◆ Extracted material:
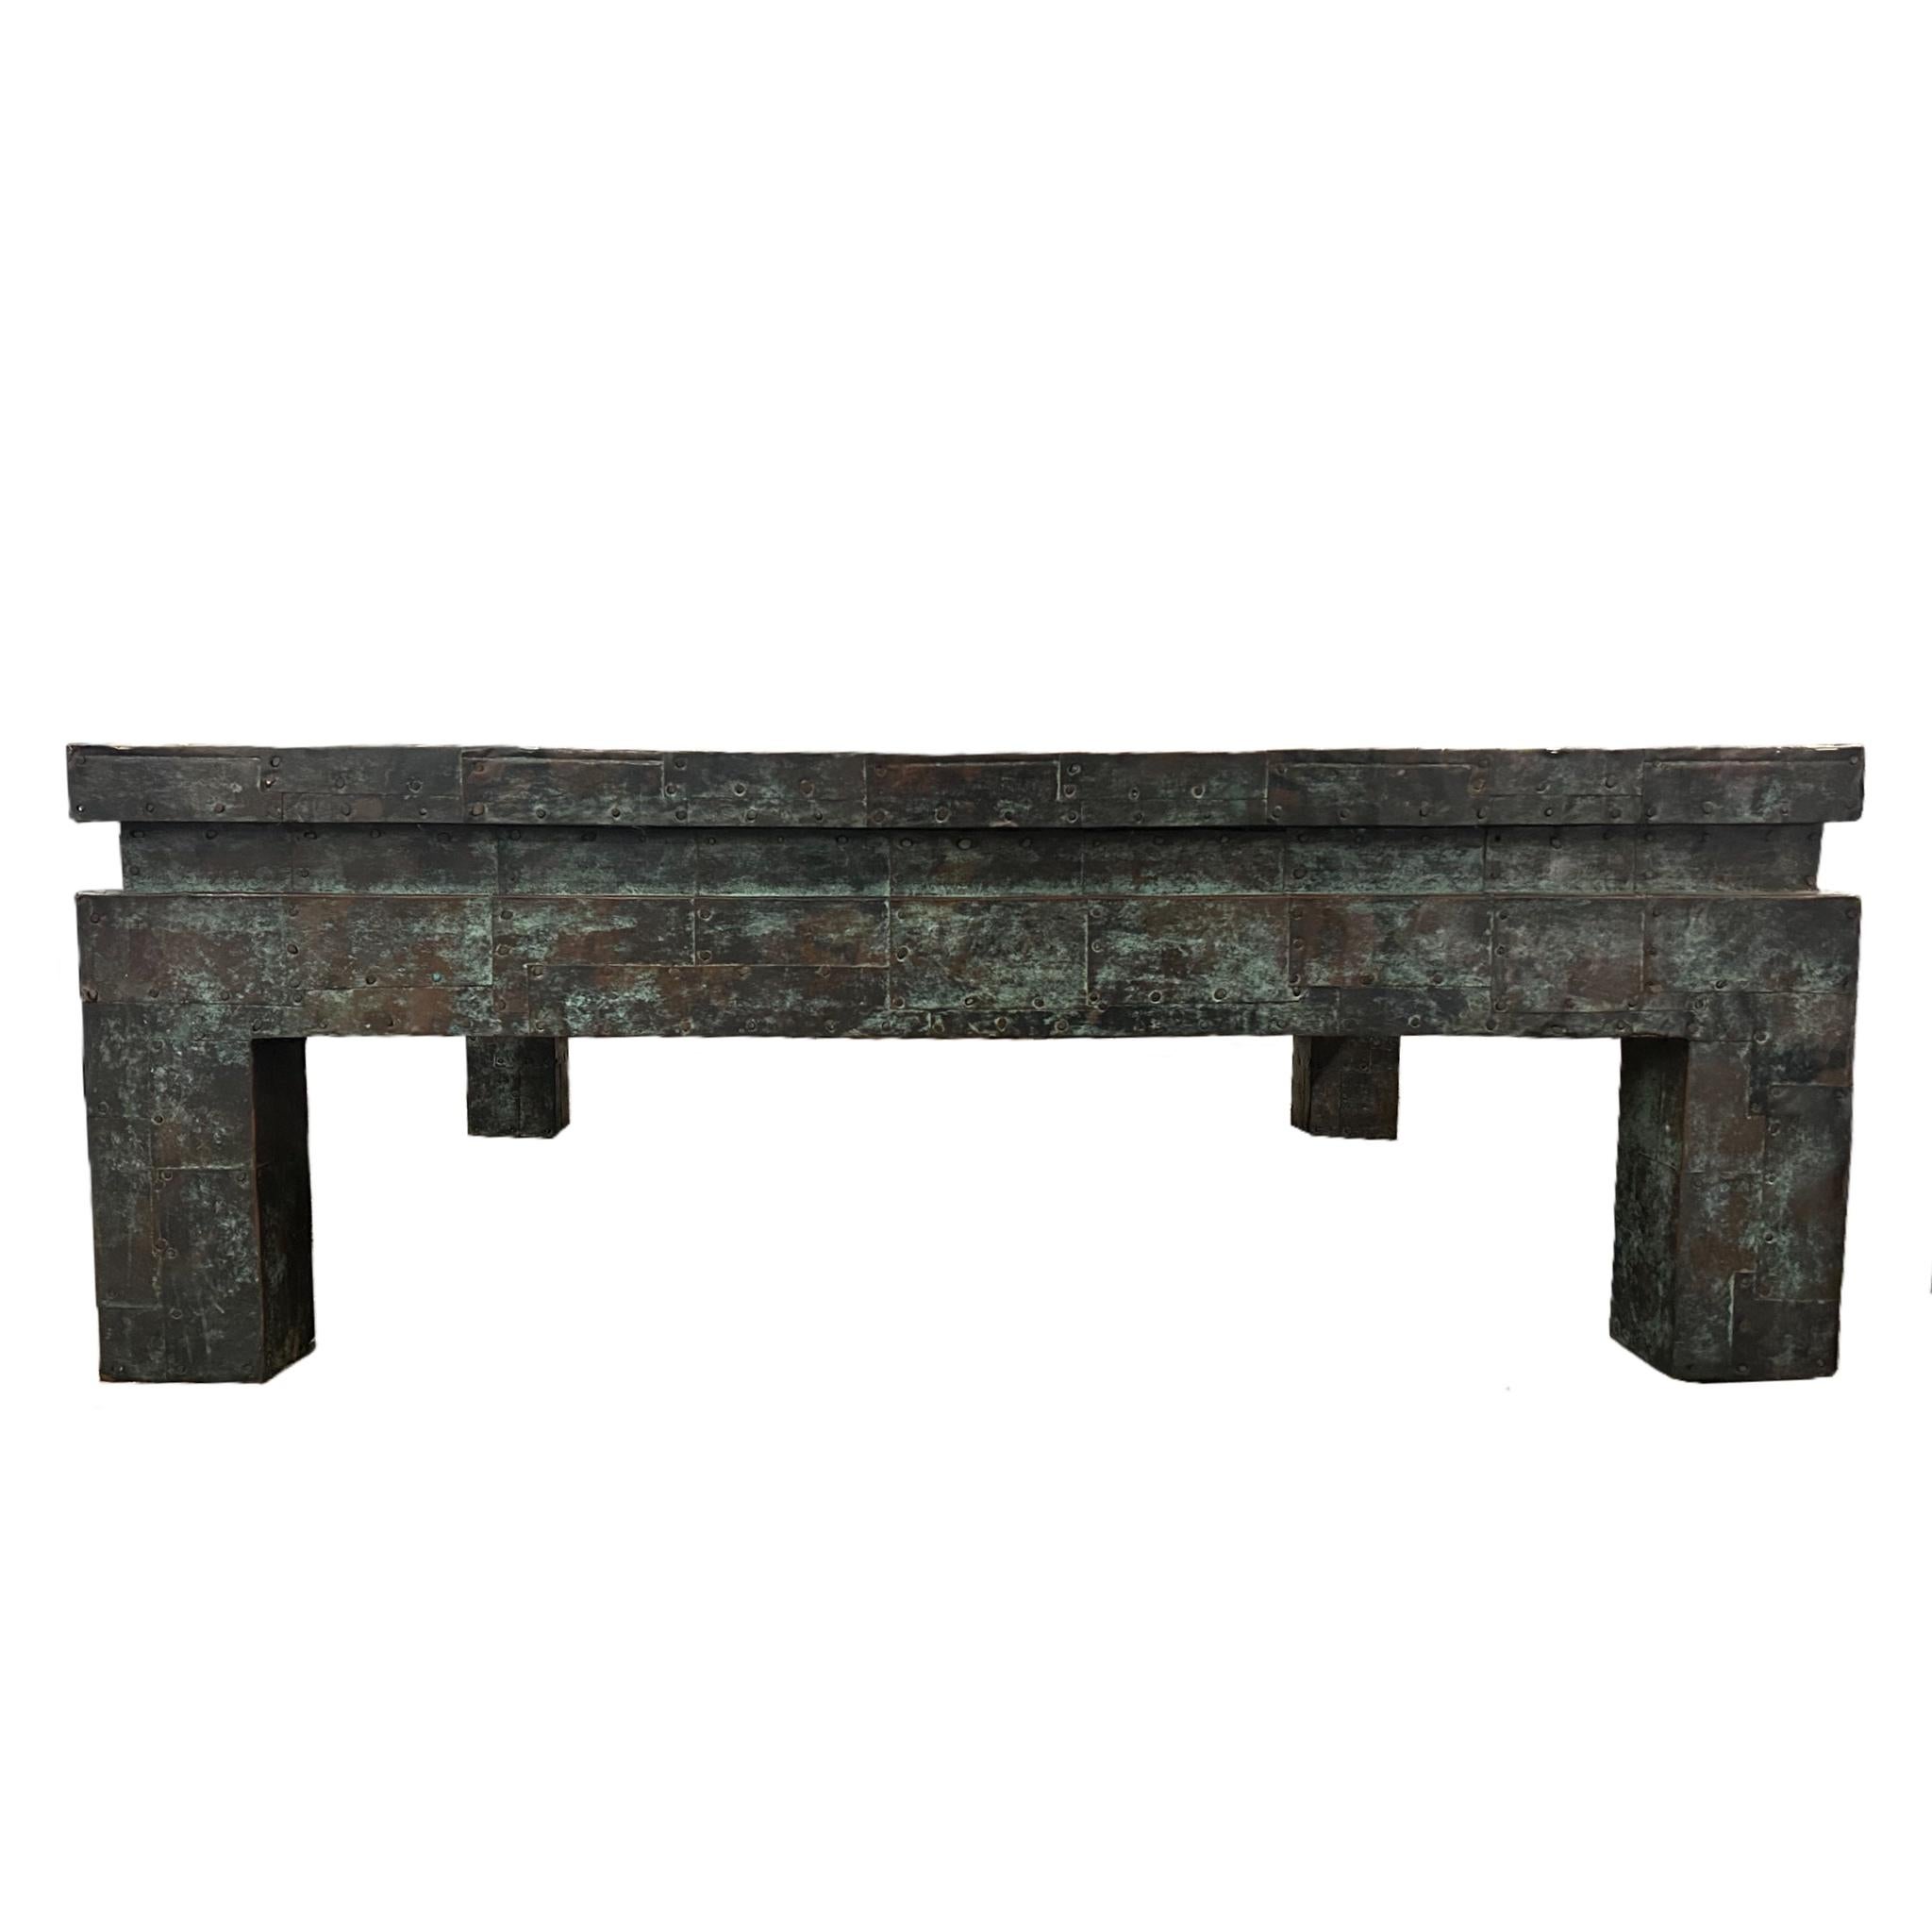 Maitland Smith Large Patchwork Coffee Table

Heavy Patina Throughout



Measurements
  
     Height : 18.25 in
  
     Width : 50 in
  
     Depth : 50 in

* * *

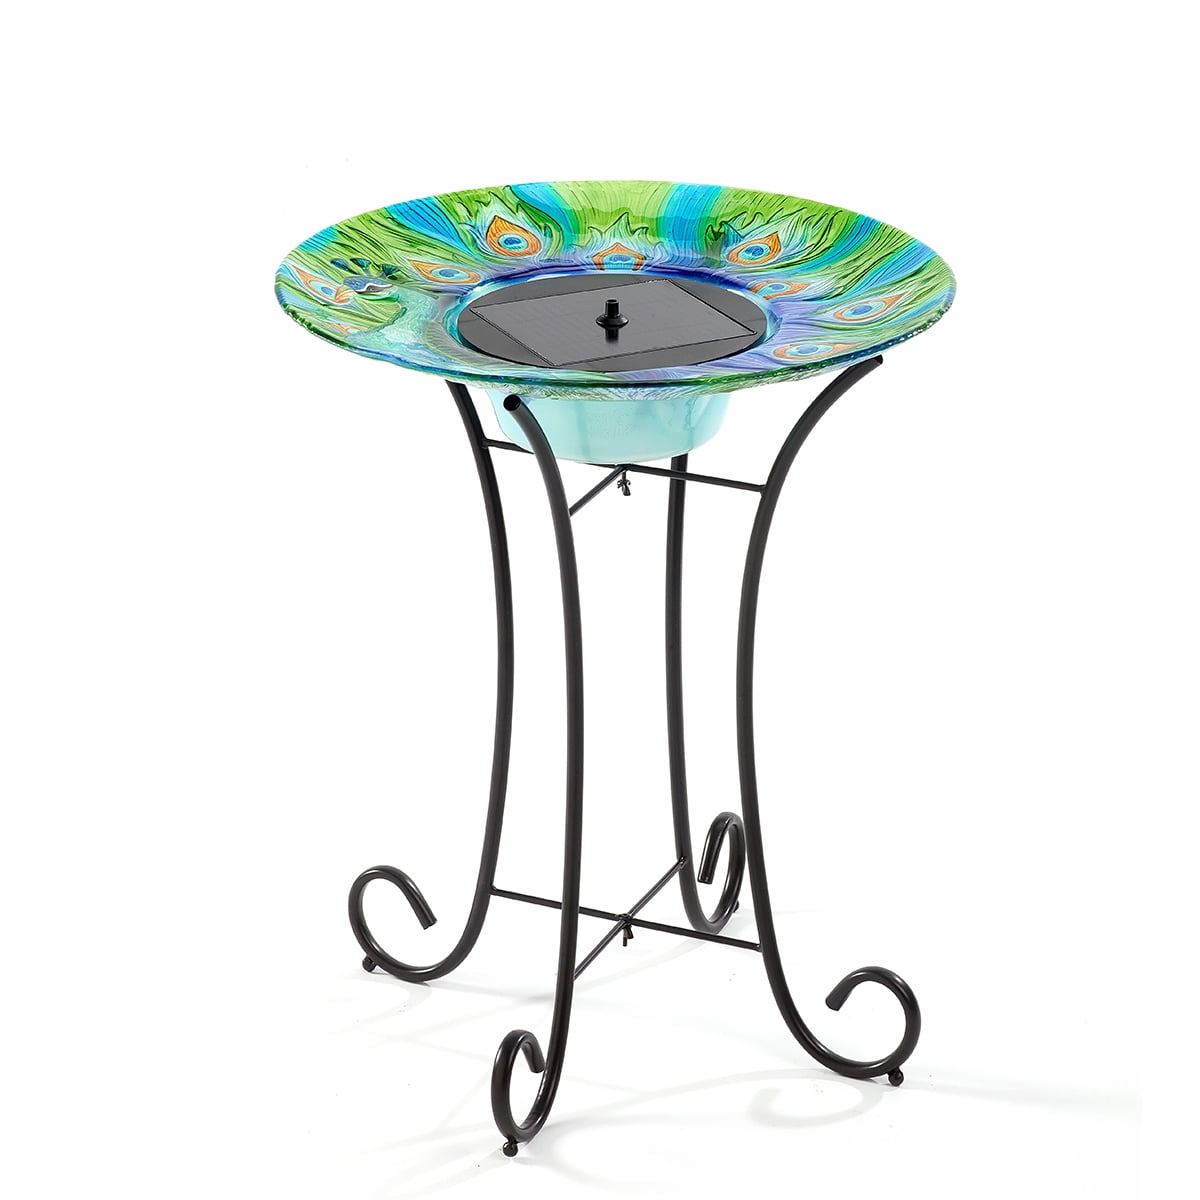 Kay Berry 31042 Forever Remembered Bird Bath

◆ Task requirements: Repeat exactly the lines above from the one with "Heavy Patina Throughout" up to and including the one with "Depth : 50 in". No other line belongs in the reply.

◆ Output for this task:
Heavy Patina Throughout



Measurements
  
     Height : 18.25 in
  
     Width : 50 in
  
     Depth : 50 in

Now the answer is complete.